Spoiler alert: your naive implementations do not return anything — norok2
– norok2, Commented Sep 19, 2019 at 12:10
I know, check the full code, there it does return stuff. I'm not using the return values either in this PoC. I'm just letting it calculate — Robin De Schepper
– Robin De Schepper, Commented Sep 19, 2019 at 12:11
In my experience, scipy.spatial.cKDTree is substantially faster than the pure python implementation. cKDTree has exactly the same methods, etc, so you just need to change your import statement. Do your timing results hold in that case, too? Also, could you profile your functions to check whether most of the time is spent building the tree or querying it? The query times can often be improved by specifying a more suitable leafsize parameter. — Paul Brodersen
– Paul Brodersen, Commented Sep 19, 2019 at 12:17
Wow ... The difference with cKDTree is amazing! The plot looks like this now: imgur.com/m5JXyGT — Robin De Schepper
– Robin De Schepper, Commented Sep 19, 2019 at 12:20
It's complicated, and data set dependent, so the only way to find a good leaf size is by running tests on real data. When you run these tests on real data, make sure to time tree construction and querying separately, at least if you will re-use trees for multiple queries. This article from one of the authors of the sklearn implementation touches on the main points without getting too technical. Might be worth benchmarking the sklearn implementation as well. — Paul Brodersen
– Paul Brodersen, Commented Sep 19, 2019 at 13:06

norok2 · Accepted Answer · 2019-09-19 17:11:55Z

5

As documented in scipy.spatial.KDTree():

For large dimensions (20 is already large) do not expect this to run significantly faster than brute force. High-dimensional nearest-neighbor queries are a substantial open problem in computer science.
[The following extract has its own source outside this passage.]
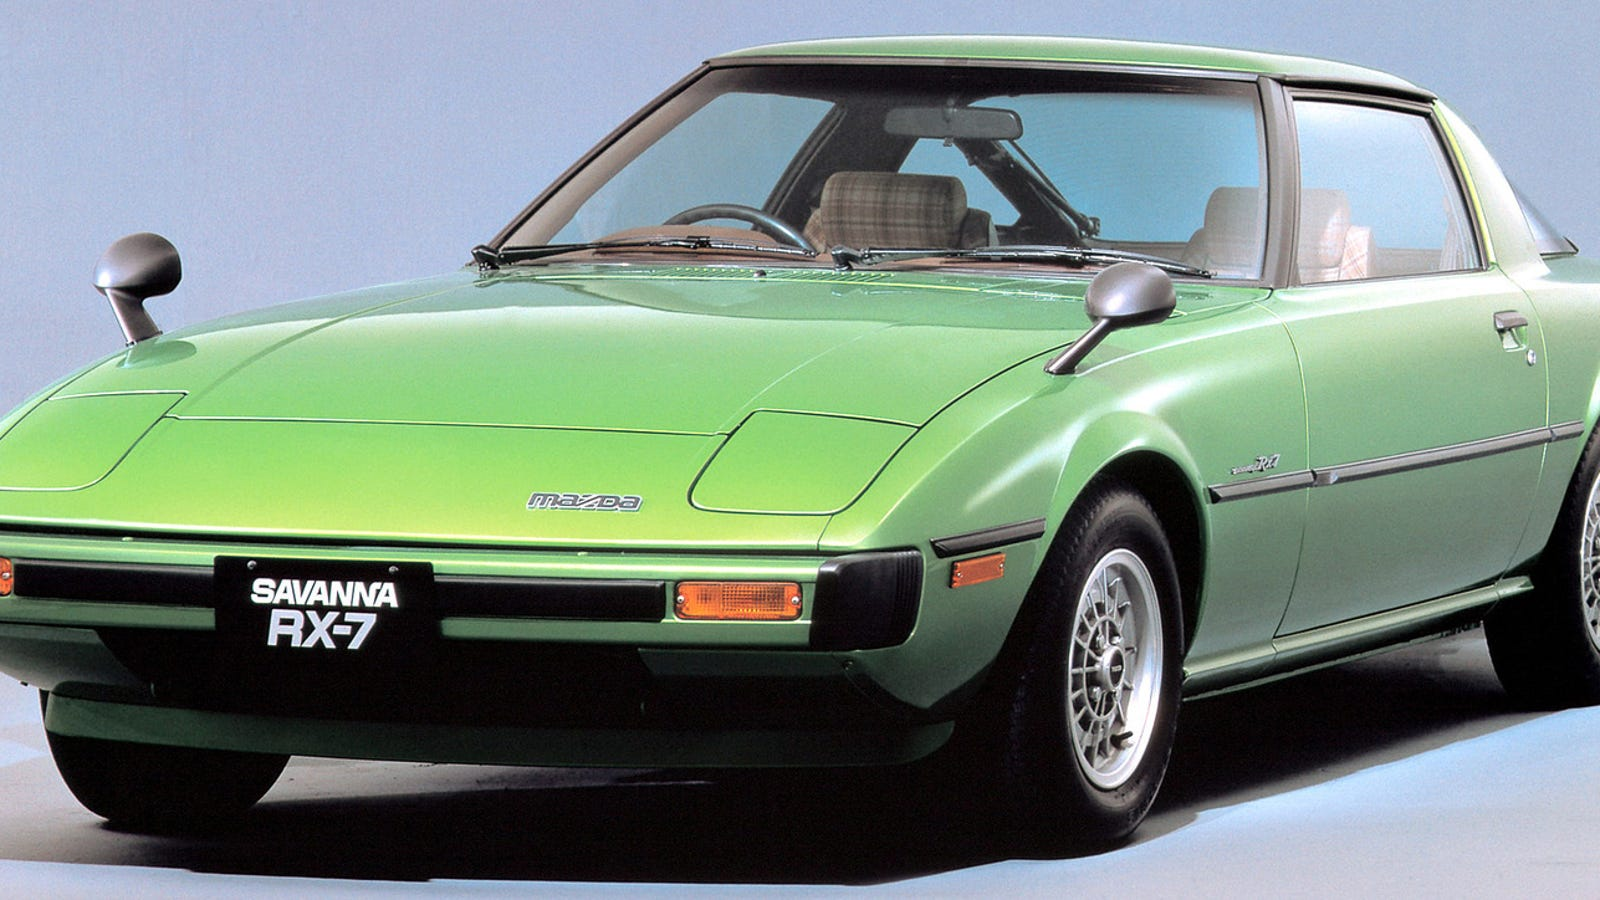 The Original Mazda RX-7 Is A Goddamn Masterpiece
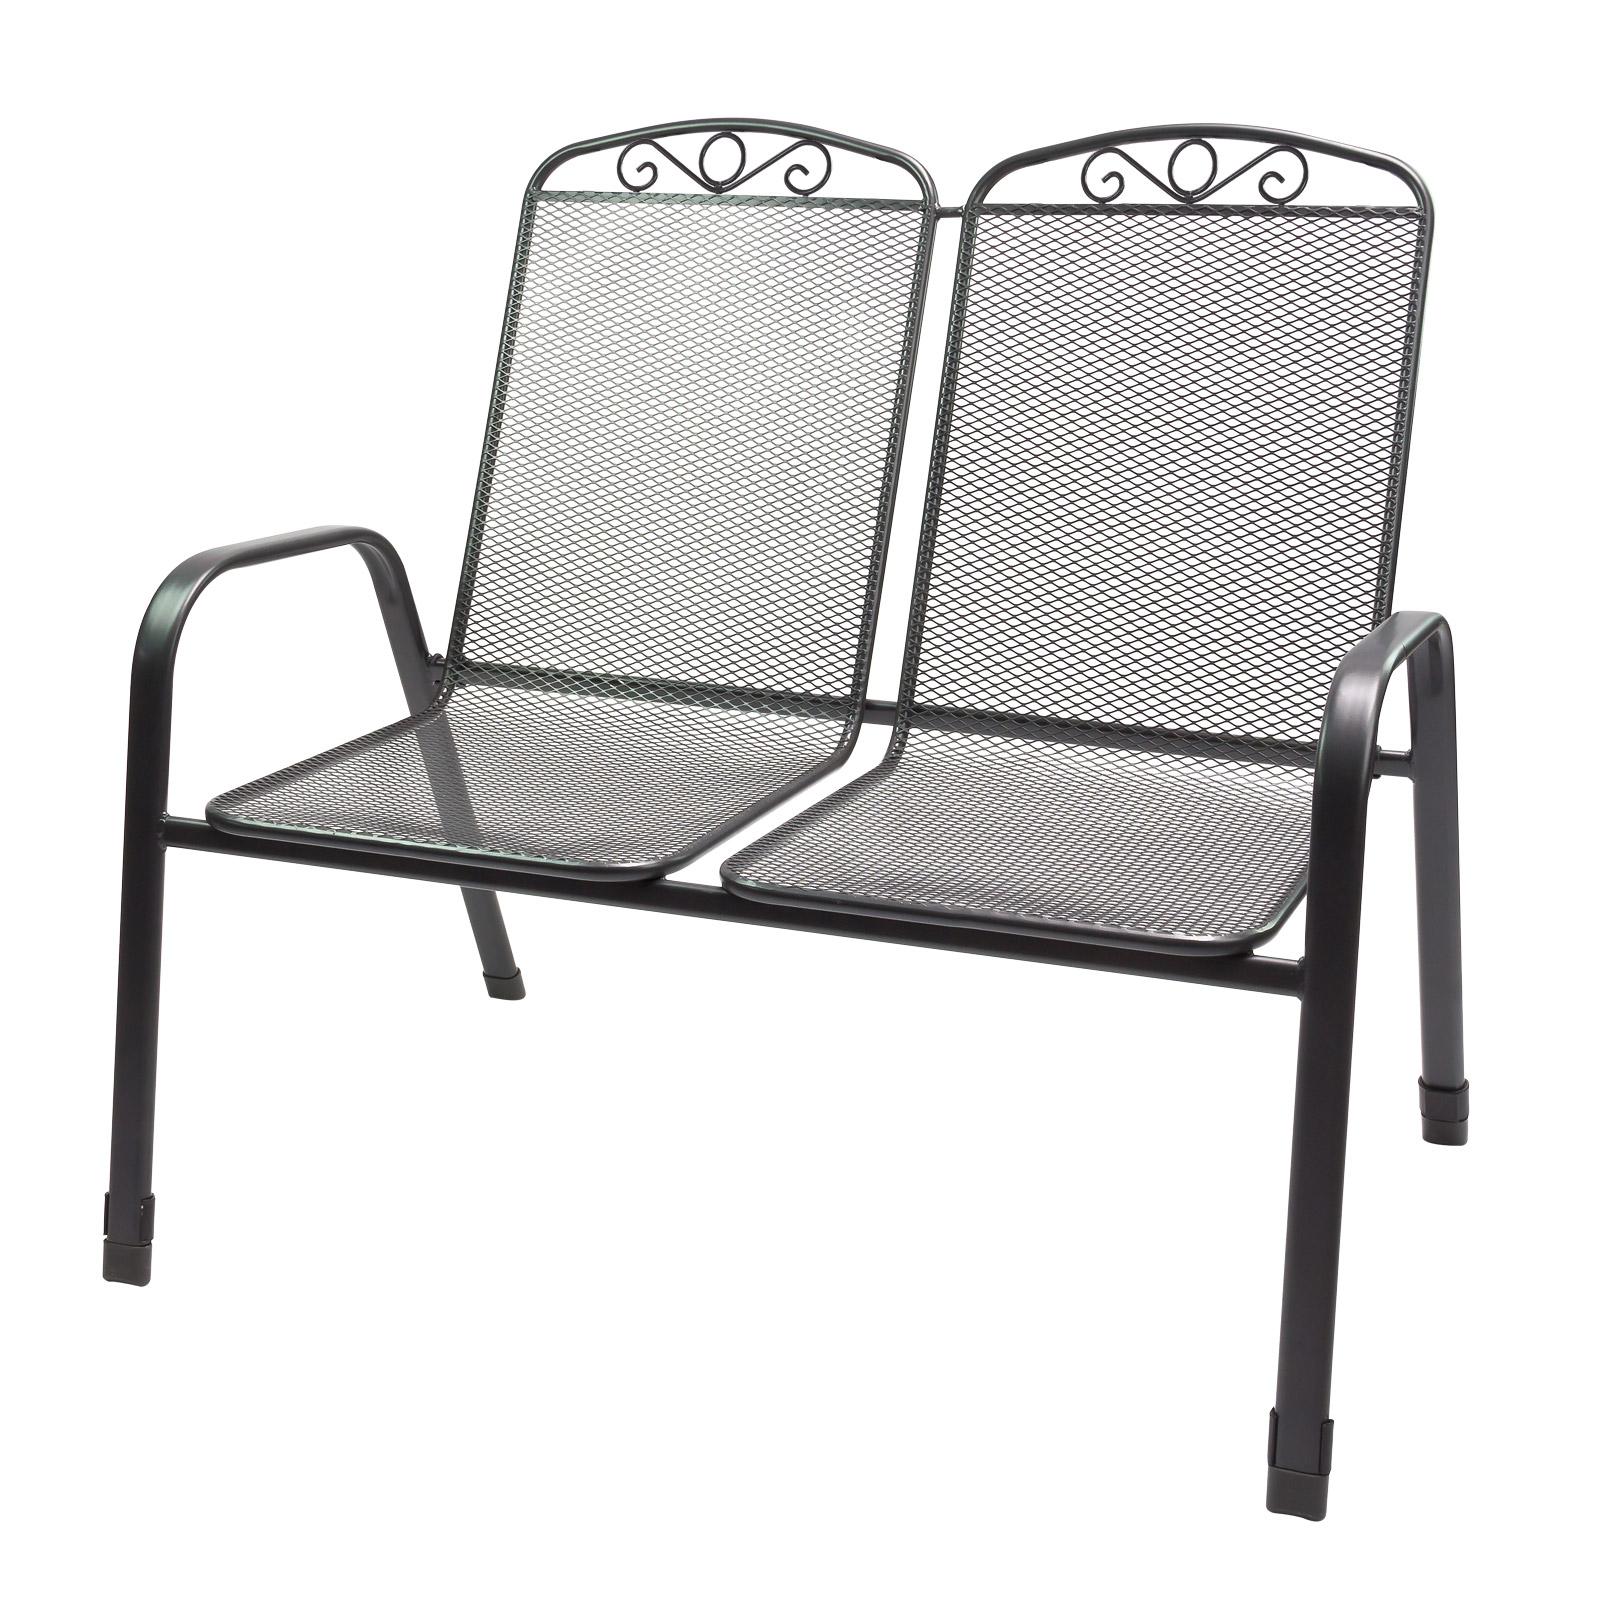 Dema Gartenstuhl Doppelsitzer Zweisitzer Virginia Streckmetall Stapelbar bis 180kg 94048

(this note is present in scipy.spatial.cKDTree() too, although that is probably a copy-paste documentation bug).

I took the liberty to rewrite your code with proper functions, so that I could run some automated benchmarks (based on this template). I have also included a brute-force Numba implementation:

import numpy as np
import scipy as sp
import numba as nb

import scipy.spatial

SCALE = 400.0
RADIUS = 50.0 


def find_nn_np(points, radius=RADIUS, p=2):
    n_points, n_dim = points.shape
    result = np.empty(n_points, dtype=object)
    for i in range(n_points):
        result[i] = np.where(np.sum(np.abs(points - points[i:i + 1, :]) ** p, axis=1) < radius ** p)[0].tolist()
    return result


def find_nn_kd_tree(points, radius=RADIUS):
    tree = sp.spatial.KDTree(points)
    return tree.query_ball_point(points, radius)


def find_nn_kd_tree_cy(points, radius=RADIUS):
    tree = sp.spatial.cKDTree(points)
    return tree.query_ball_point(points, radius)


@nb.jit
def neighbors_indexes_jit(radius, center, points, p=2):
    n_points, n_dim = points.shape
    k = 0
    res_arr = np.empty(n_points, dtype=nb.int64)
    for i in range(n_points):
        dist = 0.0
        for j in range(n_dim):
            dist += abs(points[i, j] - center[j]) ** p
        if dist < radius ** p:
            res_arr[k] = i
            k += 1
    return res_arr[:k]


@nb.jit(forceobj=True, parallel=True)
def find_nn_jit(points, radius=RADIUS):
    n_points, n_dim = points.shape
    result = np.empty(n_points, dtype=object)
    for i in nb.prange(n_points):
        result[i] = neighbors_indexes_jit(radius, points[i], points, 2)
    return result

These are the benchmarks I got (I have omitted scipy.spatial.KDTree() because it was way off chart, consistently with your findings):

(for completeness, following is the code required to adapt the template)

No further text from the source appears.